Through the game’s evolution, players have even experienced the same issues in real-life urban planning. A 2013 version of the game forbids certain types of zoning, preventing players from building anything resembling a modern city. The game may also help explain why the robust interest in urbanism hasn’t achieved its goals. In SimCity, the player makes unilateral decisions, avoiding the messy local politics that define urban planning. No developments need parking, racial demographics are non-existent, traffic doesn’t produce fatalities, mixed-use zoning is nowhere to be found. If the game was anything like real life, it wouldn’t be fun. Doing what it takes to create a lasting impact in real-world urban planning isn’t fun either.
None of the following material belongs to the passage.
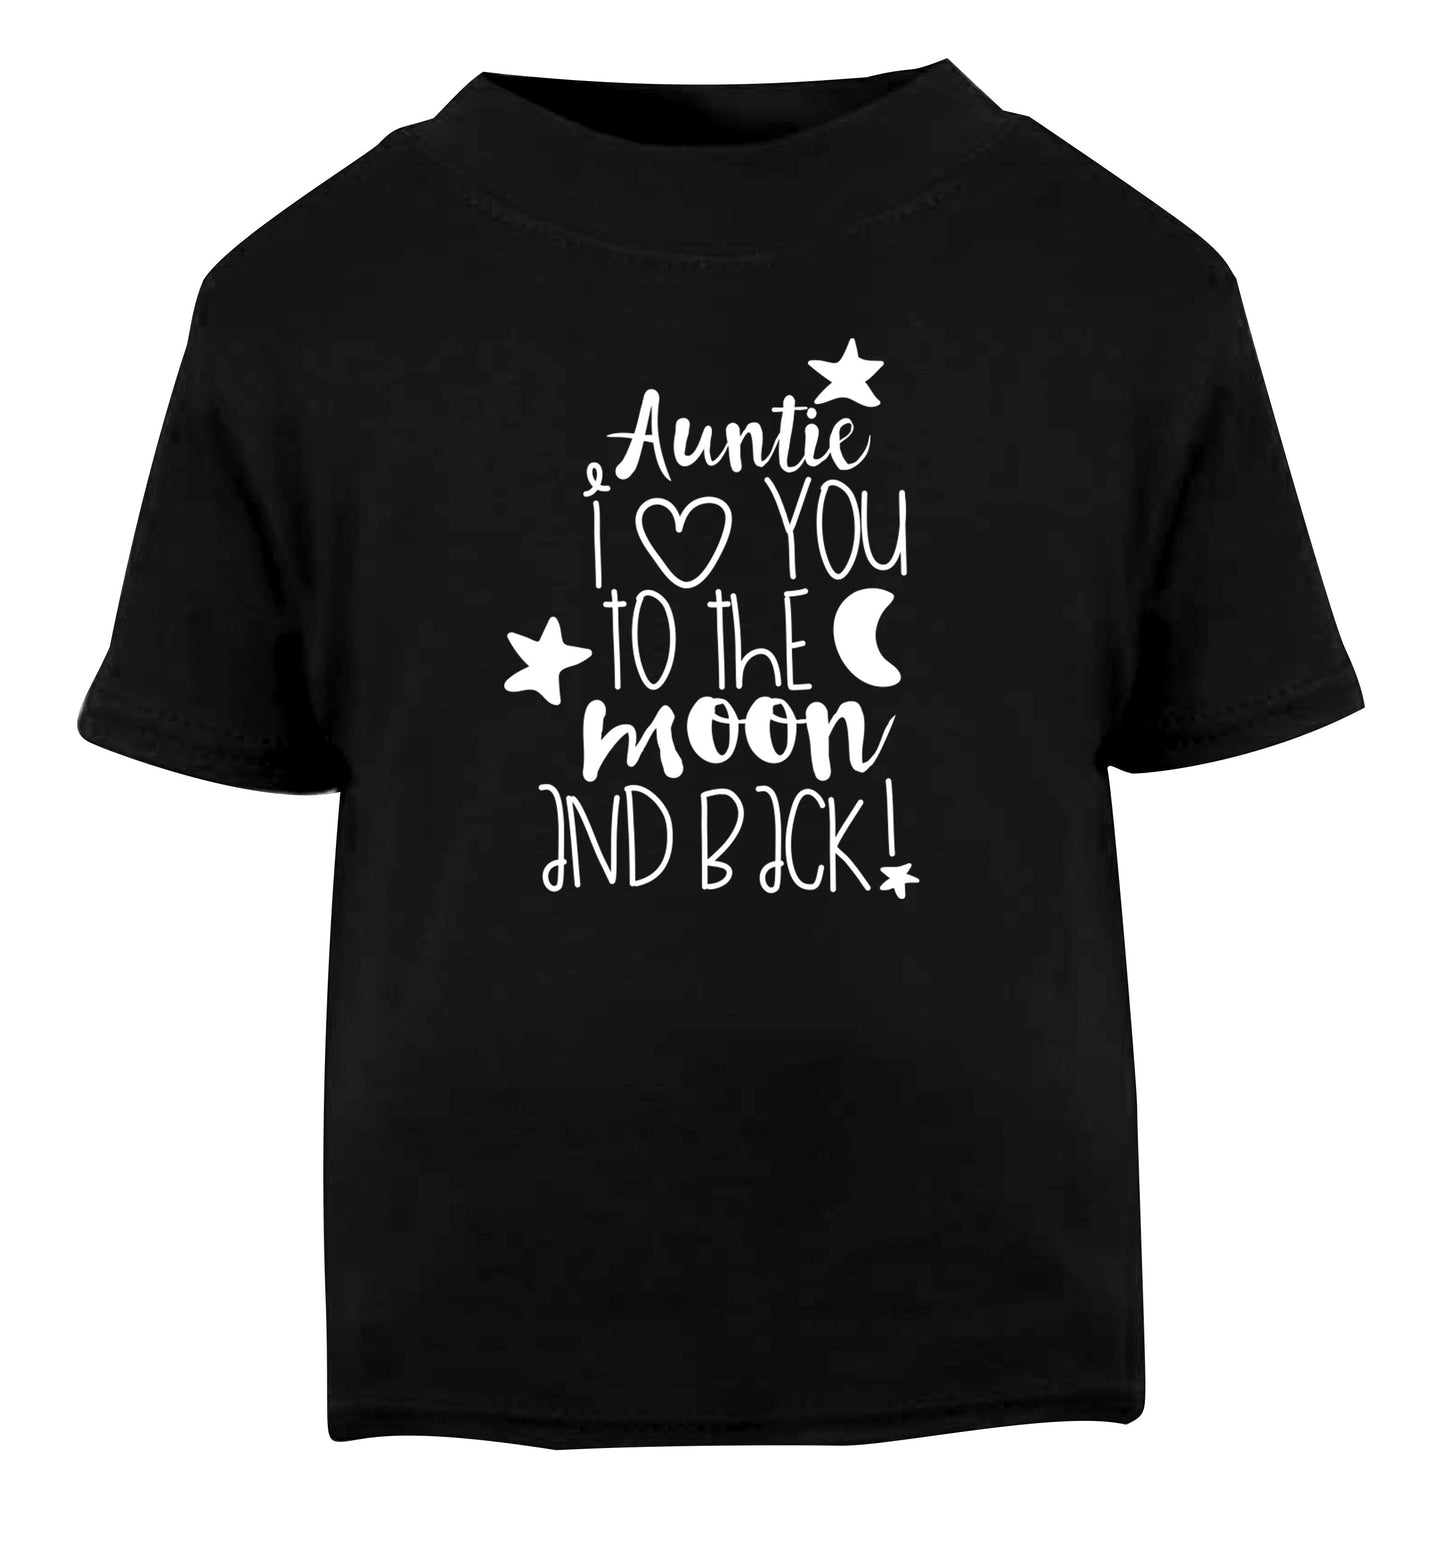 Auntie I love you to the moon and back Black Baby Toddler Tshirt 2 years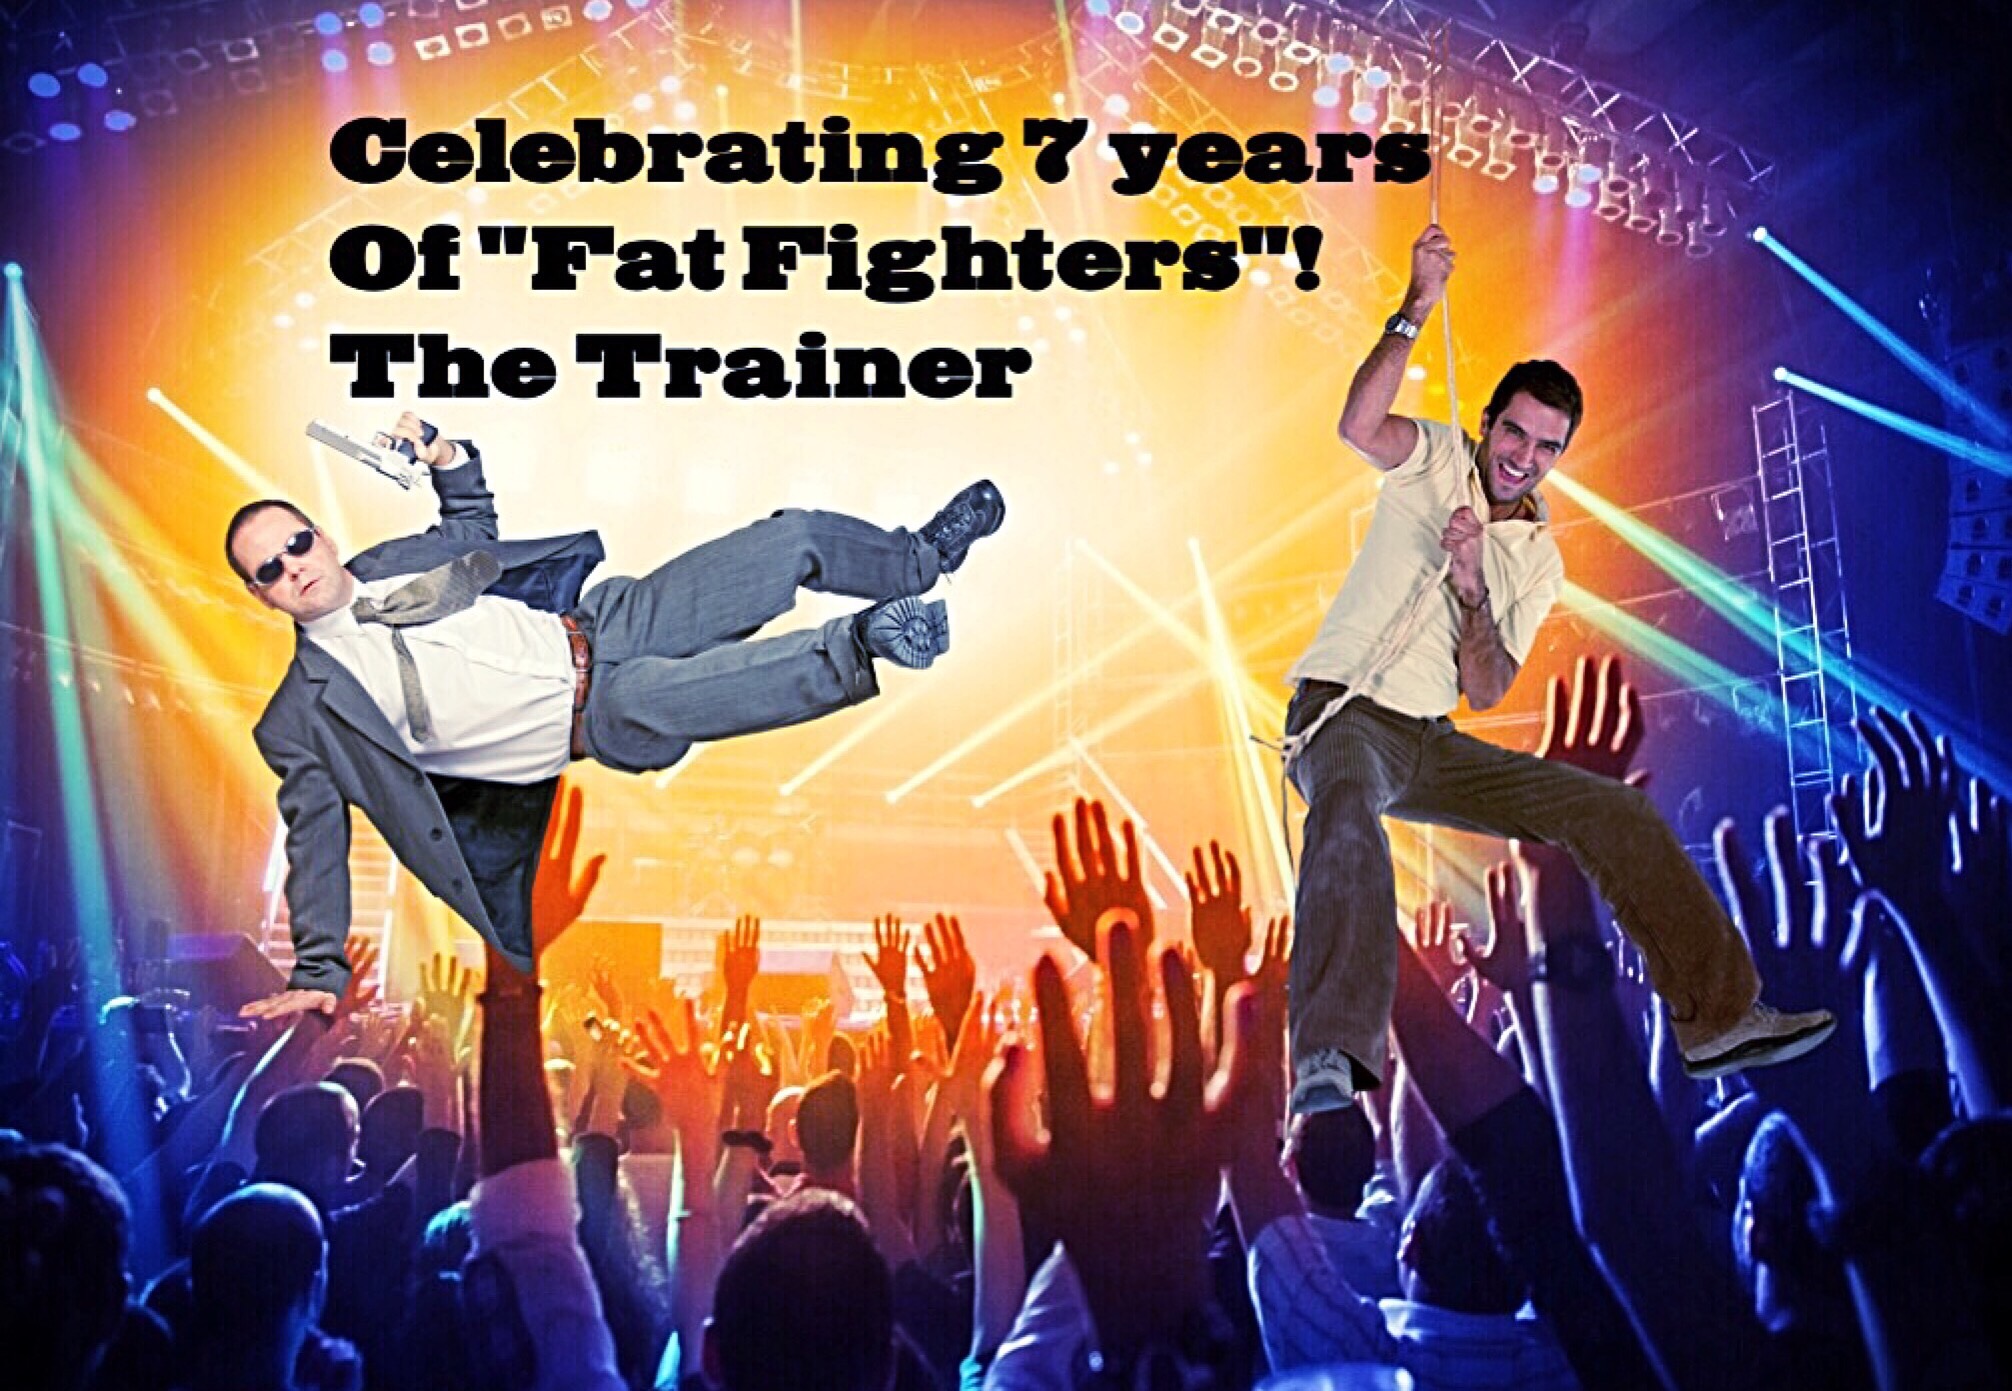 7 years! The Only “fat loss” contest in the entire Columbia River Gorge! The Trainer Boxing/Functional Training Club Hood River http://www.thetrainerhoodriver.com 

“I would say the impact of New Urbanism has been muted so far. This is a very hard problem to solve and there is a lot of inertia against land-use reform because we’ve built up our environment in this manner for decades, so it’ll be hard to turn around,” Austin Pooley, a local Millennial neoliberal leader in Houston said. When not working for one of the largest energy companies in Texas, Pooley is a passionate advocate for New Urbanist policies across the country. “I would rate the impact of urbanist social media as a 3/10. There are certainly successes in the U.S. that you can point to, but there’s still so much work to be done on this front.”
The inescapable fact for both older NIMBYs and younger YIMBYs is urban development, like politics, is a slow-moving process. No matter how good new ideas are, things don’t change overnight. In both politics and urban planning, there are exponentially more words discussing the issues than there are actions to solve them, but that doesn’t mean progress isn’t happening. New Urbanism has a solid foothold in practically every major American metro. Where New Urbanists have failed before, they will try again. California is once again trying to pass housing reforms, this time with SB-9 and SB-10. Prospects for both look dim. Defeating them in the State Assembly won’t solve the housing crisis and it won’t stop New Urbanists. For young urbanists, fighting against the relics of dated land-use policies will be a lifelong affair, a war of attrition to right the wrongs of the past and lay the groundwork for a better civic future.